<!-- README.md is generated from README.Rmd. Please edit that file -->
# preciseTAD: A transfer learning framework for 3D domain boundary prediction at base-pair resolution
<!-- [![Travis build
status](https://travis-ci.com/stilianoudakis/preciseTAD.svg?branch=master)](https://travis-ci.com/stilianoudakis/preciseTAD) -->
<!-- badges: start -->
[![Lifecycle:
maturing](https://img.shields.io/badge/lifecycle-maturing-blue.svg)](https://www.tidyverse.org/lifecycle/#maturing)
<!-- badges: end -->
**preciseTAD: A transfer learning framework for 3D domain boundary
prediction at base-pair resolution** Spiro C. Stilianoudakis, Maggie A.

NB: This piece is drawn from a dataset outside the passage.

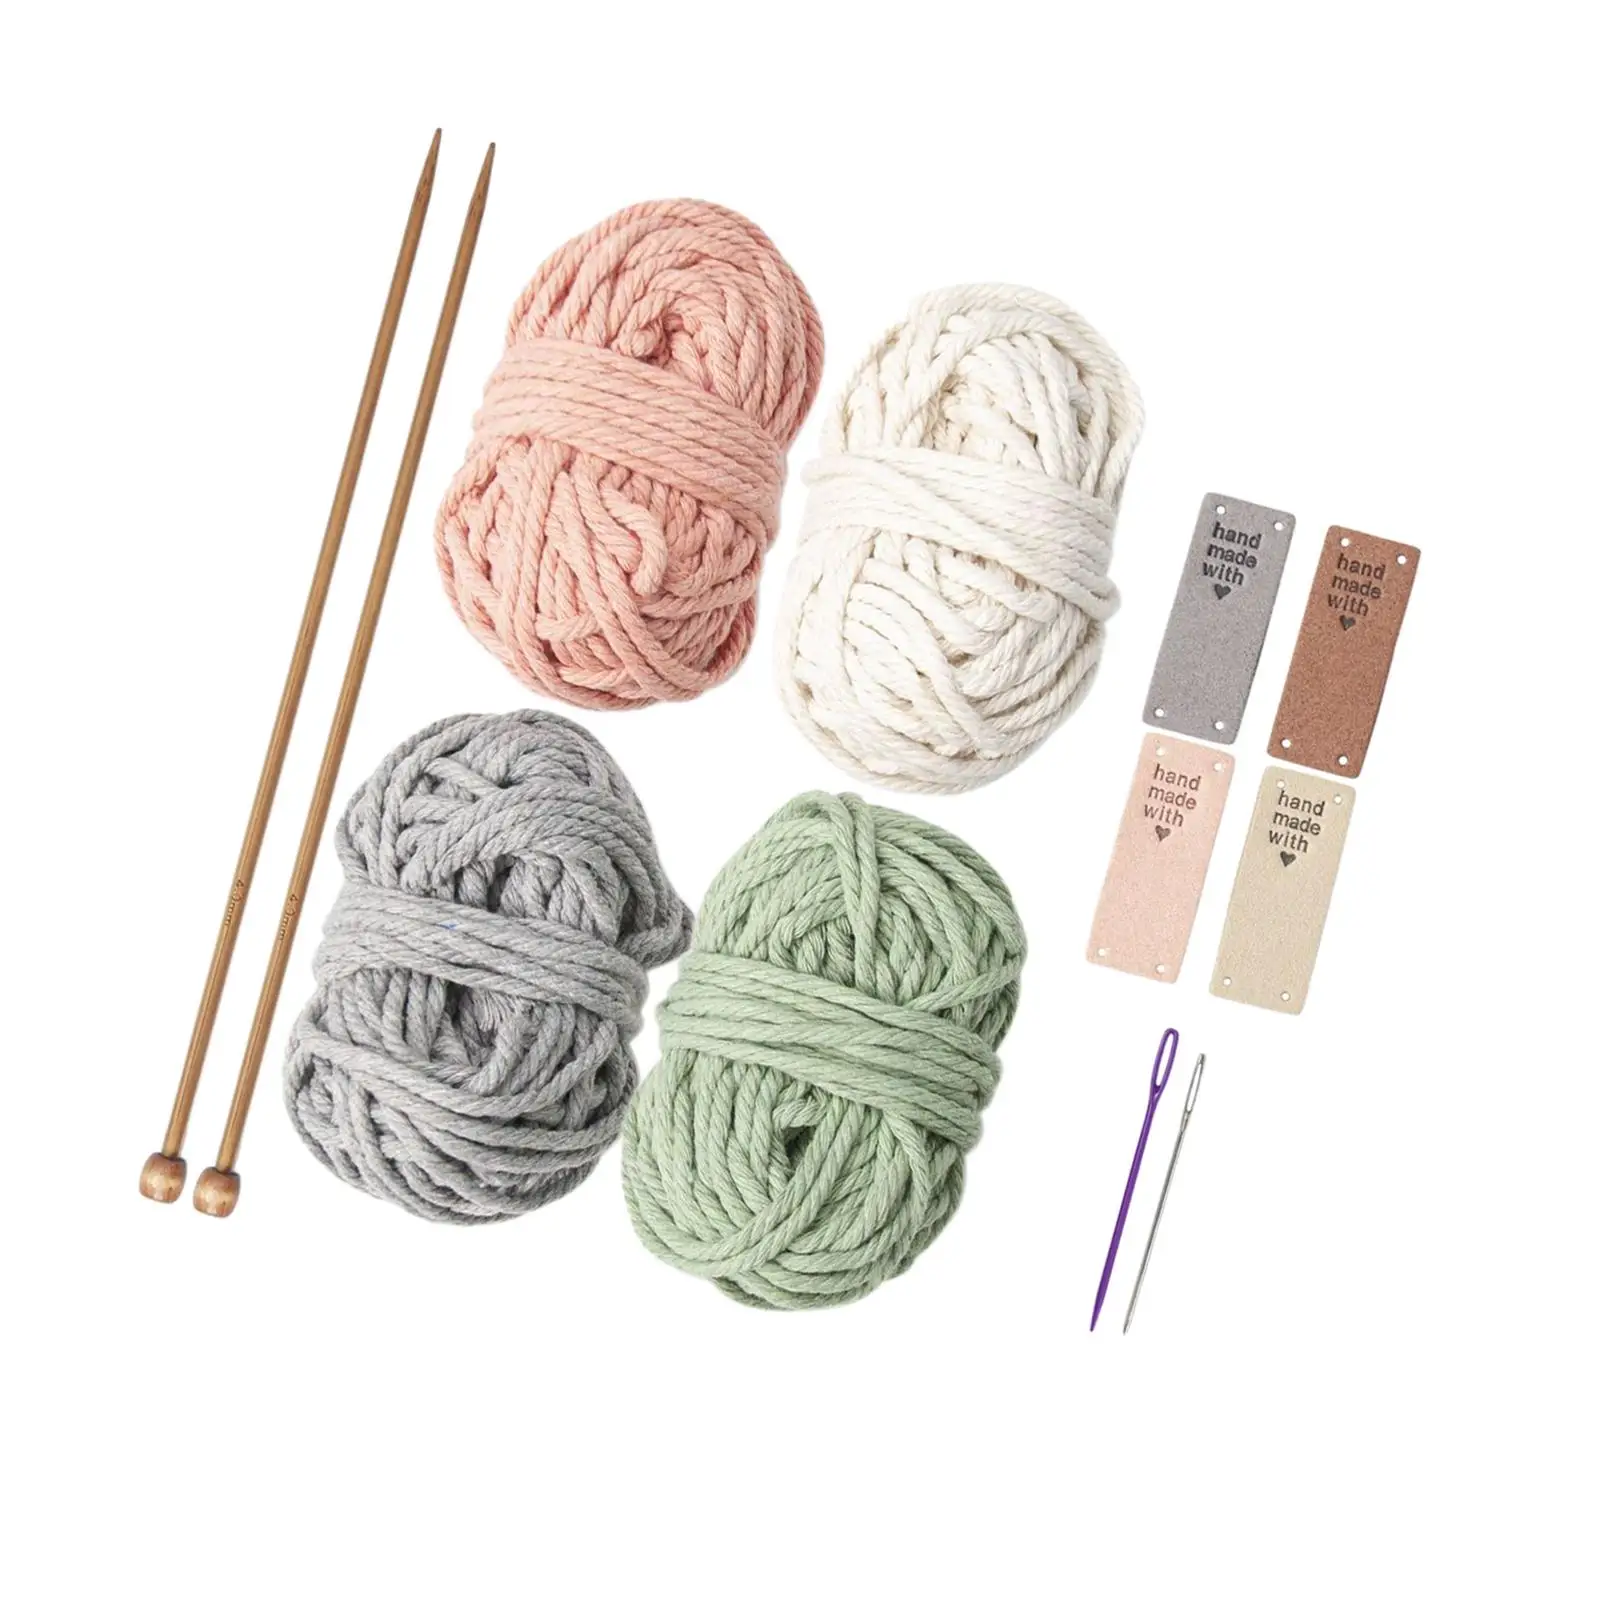 Crochet Kit for Beginners 4 Color Handwoven for Starter Children Needlework

Marshall, Mikhail G. Dozmorov. bioRxiv 2020.09.03.282186; doi:
<https://doi.org/10.1101/2020.09.03.282186>
Predicted preciseTAD boundary points (PTBPs) and regions (PTBRs) for 60
cell lines are available
[here](https://drive.google.com/drive/folders/15Rc6PhrrBjThwE-5dSyNX-ILELaUu6uG?usp=sharing).
## Overview
preciseTAD provides functions to predict the location of boundaries of
topologically associated domains (TADs) and chromatin loops at
base-level resolution. As an input, it takes BED-formatted genomic
coordinates of domain boundaries detected from low-resolution Hi-C data,
and coordinates of high-resolution genomic annotations from ENCODE or
other consortia. preciseTAD employs several feature engineering
strategies and resampling techniques to address class imbalance, and
trains an optimized random forest model for predicting low-resolution
domain boundaries. Translated on a base-level, preciseTAD predicts the
probability for each base to be a boundary. Density-based clustering and
scalable partitioning techniques are used to detect precise boundary
regions and summit points. Compared with low-resolution boundaries,
preciseTAD boundaries are highly enriched for CTCF, RAD21, SMC3, and
ZNF143 signal and more conserved across cell lines. The pre-trained
model can accurately predict boundaries in another cell line using CTCF,
RAD21, SMC3, and ZNF143 annotation data for this cell line.
The main functions (in order of implementation) are:
- `extractBoundaries()` accepts a 3-column data.frame or matrix with
the chromosomal coordinates of user-defined domains and outputs the
unique boundaries. The second and third columns are the domain
anchor centers.
- `bedToGRangesList()` accepts a filepath containing BED files
representing the coordinates of ChIP-seq defined functional genomic
annotations
- `createTADdata()` accepts a set of unique boundaries and genomic
annotations derived from `extractBoundaries()` and
`bedToGRangesList()`, respectively, to create the data matrix used
to build a model to predict domain boundary regions
- `TADrandomForest()` a wrapper of the `randomForest` package which
implements a random forest binary classification algorithm on domain
boundary data
- `preciseTAD()` which leverages a domain boundary prediction model
(i.e., random forest) and density-based clustering to predict TAD
boundary coordinates at a base-level resolution
## Installation
`preciseTAD` can be installed from Bioconductor:
``` r
# if (!requireNamespace("BiocManager", quietly=TRUE))
# install.packages("BiocManager")
# BiocManager::install("preciseTAD")
library(preciseTAD)
#>
```
The latest version of `preciseTAD` can be directly installed from
Github:
``` r
devtools::install_github("dozmorovlab/preciseTAD", build_vignettes = TRUE)
library(preciseTAD)
```
## Usage
Below is a brief workflow of how to implement `preciseTAD` on binned
data from CHR1 to get precise base pair coordinates of TAD boundaries
for a 10mb section of CHR 22. For more details, including the example
how to use the pre-trained model, see `vignette("preciseTAD")`
First, you need to obtain called TAD boundaries using an established
TAD-caller. As an example, consider the
[Arrowhead](https://github.com/aidenlab/juicer/wiki/Arrowhead)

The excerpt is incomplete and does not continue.